| Recorded data |
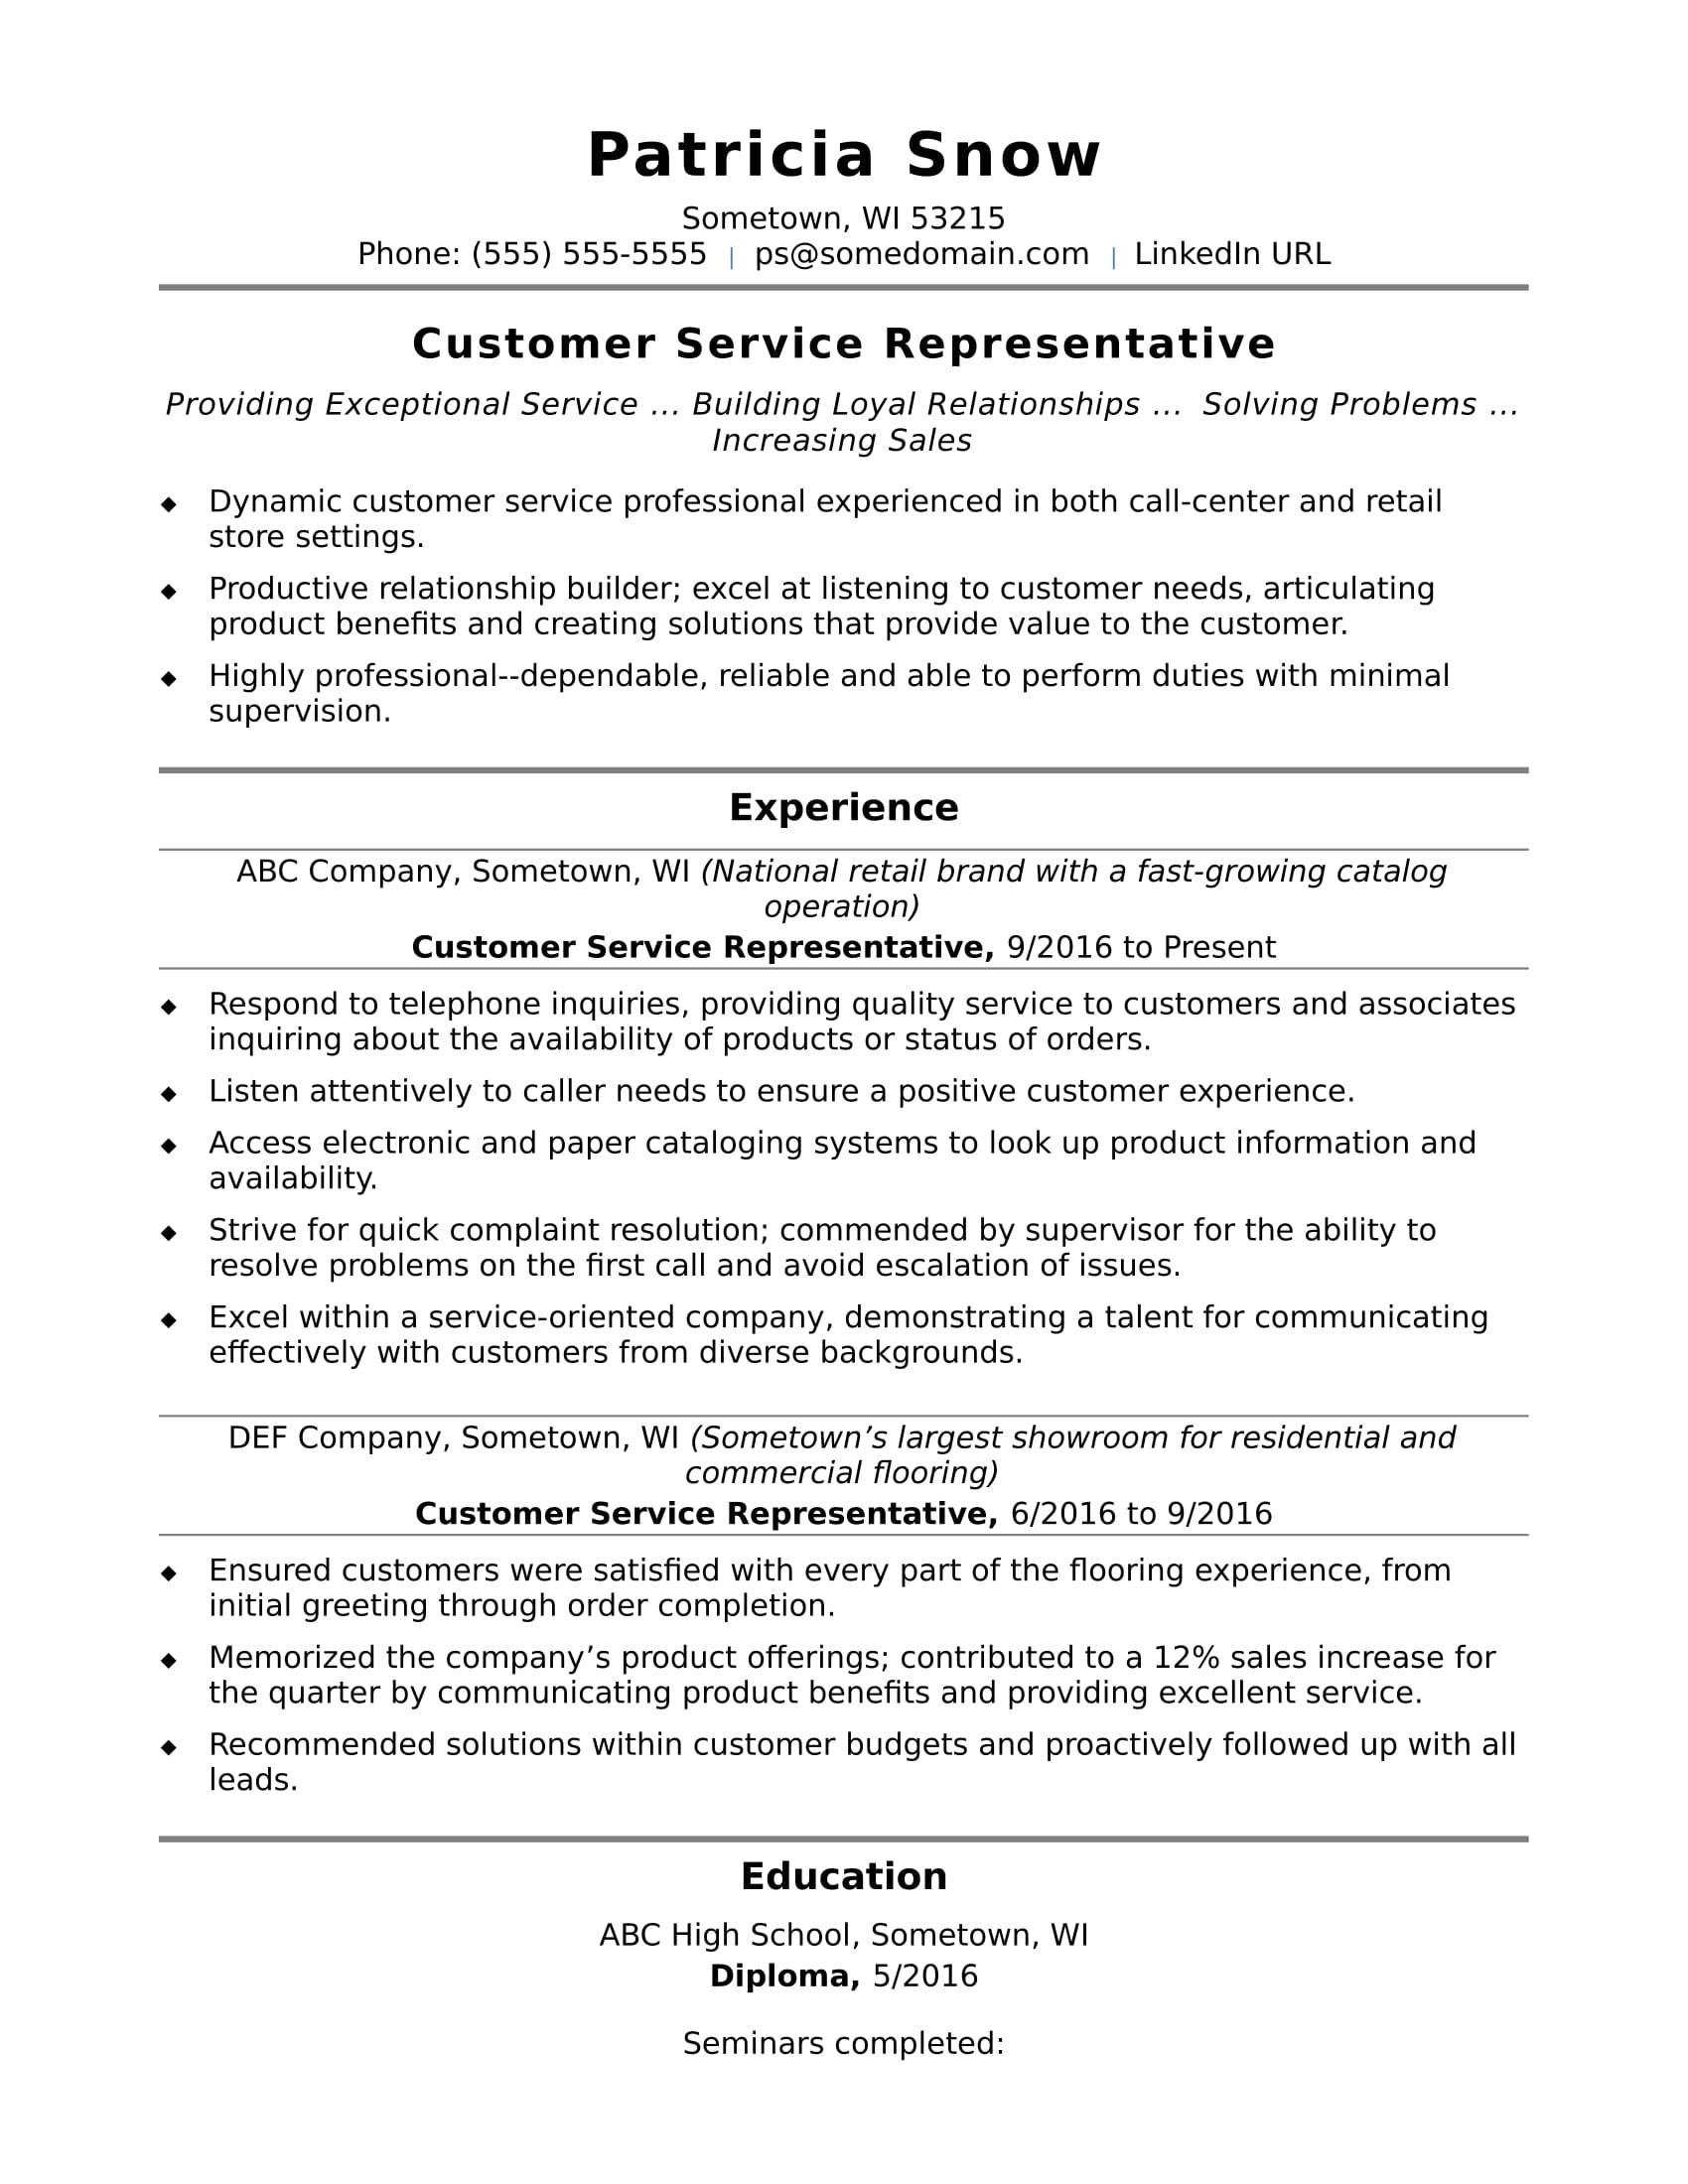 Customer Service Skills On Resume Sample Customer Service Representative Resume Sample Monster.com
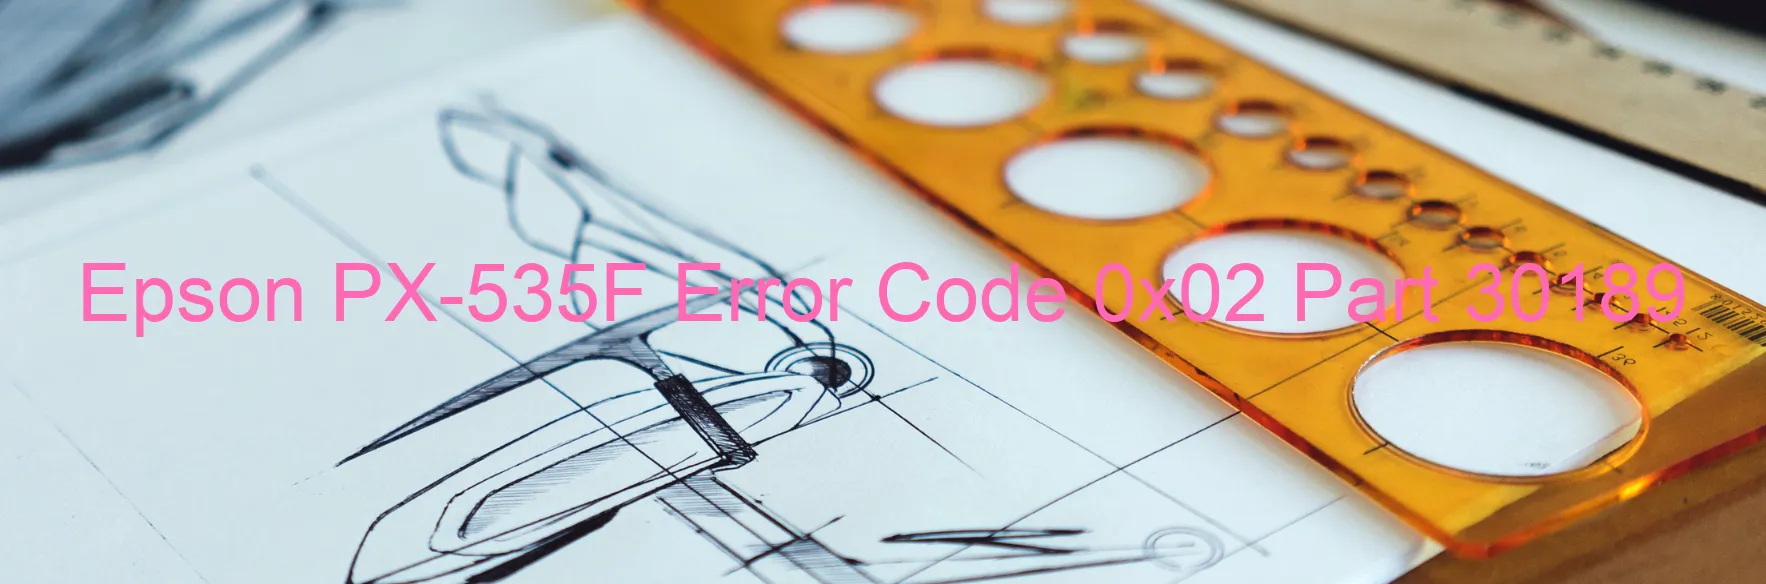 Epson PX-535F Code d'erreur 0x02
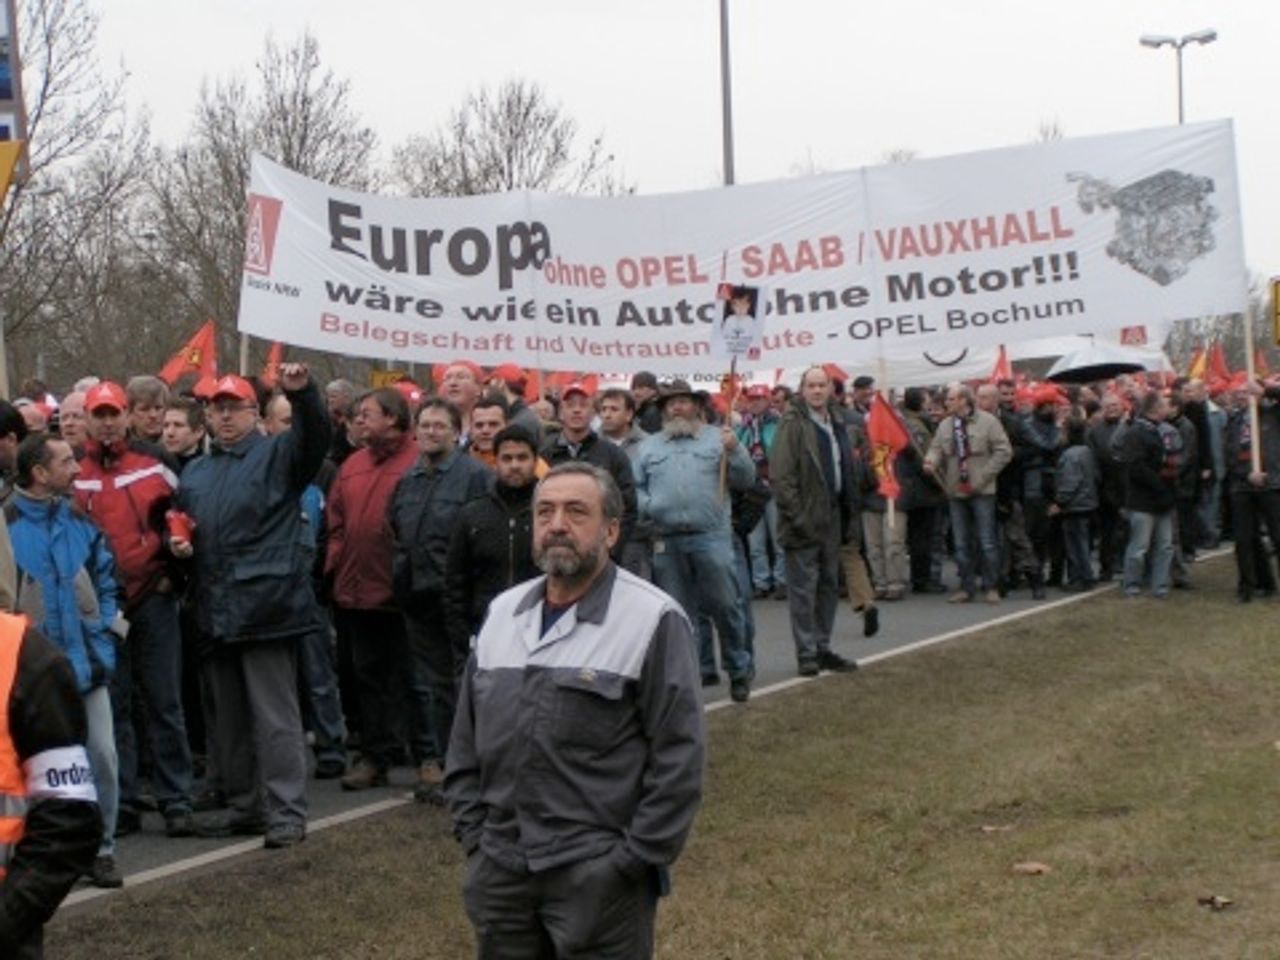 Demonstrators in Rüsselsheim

| Problem to solve |
Return exactly the lines from the line with "Epson PX-535F Code d'erreur 0x02" through the last line of the data above, both included; pictures do not go in the answer.

| Response to the exercise |
 Epson PX-535F Code d'erreur 0x02
 Demonstrators in Rüsselsheim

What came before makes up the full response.